Budding Aquaculture of….Sea Cucumbers?

Along the coast of Madagascar lies a community called Velondriake.  The Vezo people who live have evolved accomplished conservationists due to their reliance on the ocean for almost everything, including their own survival.

The Vezo have turned the part of the ocean they depend on into a marine reserve, and govern it with elected representatives from 25 different villages.  The governing body has passed laws prohibiting formerly widespread destructive fishing practices.  Despite the relative success of these laws, they unfortunately aren’t enough to keep the community afloat.

This is where the sea cucumber comes in.  Fishermen forced to scale back on fishing due to environmental concerns still needed to find a way to generate an income and feed their families.  It is for this reason that the Vezo have begun to farm the peculiar echinoderm known as the sea cucumber. Surprisingly, the sea cucumber is not only edible, but also delicious. Luckily, the shallow inlets surrounding the Vezo communities are excellent environments for the culture of sea cucumbers and farming is not too difficult, as the cucumbers feed on naturally occurring detritus on the seafloor.
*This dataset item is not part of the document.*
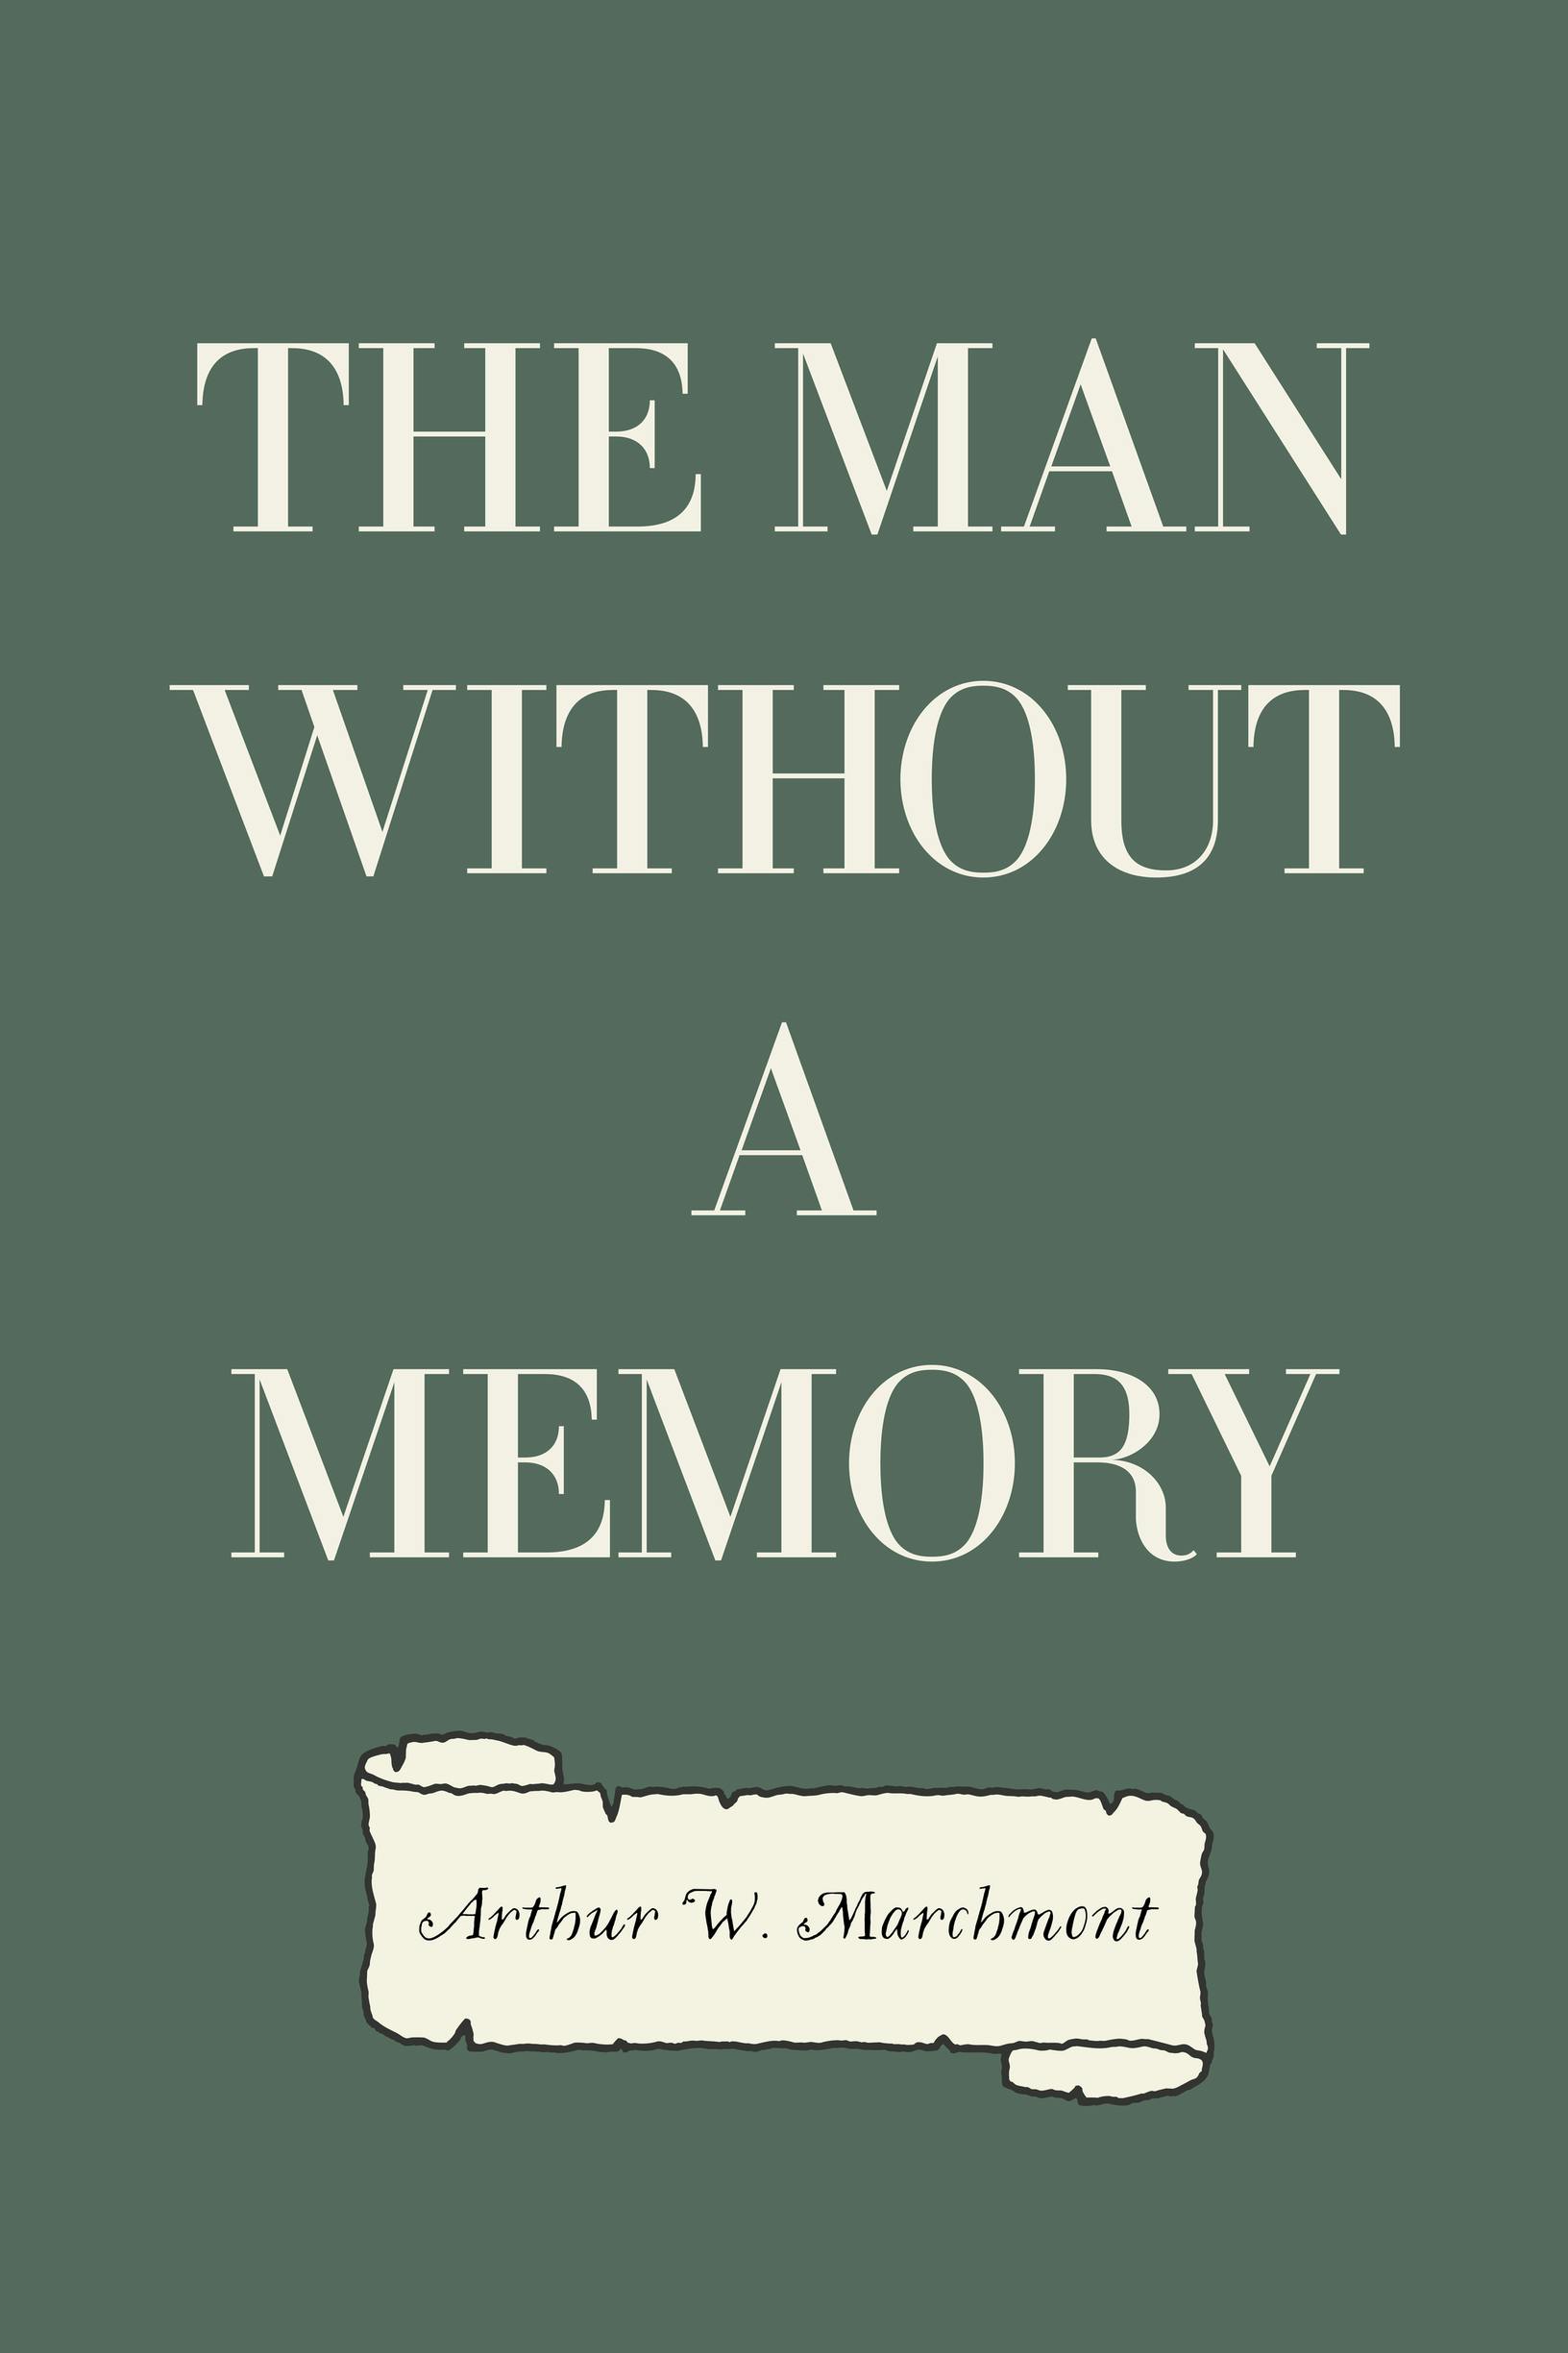 The Man Without a Memory - Arthur W. Marchmont

The sea cucumbers arrive at the farms from a marine institute in Toliara, a larger city in Madagascar, as juveniles and mature within nine months. The exportation of the sea cucumbers has given Velondriake its own niche in the global market and is boosting local incomes.  With the help of Blue Ventures, a British marine conservation group, the Vezo people are taking big steps away from poverty and toward sustainability.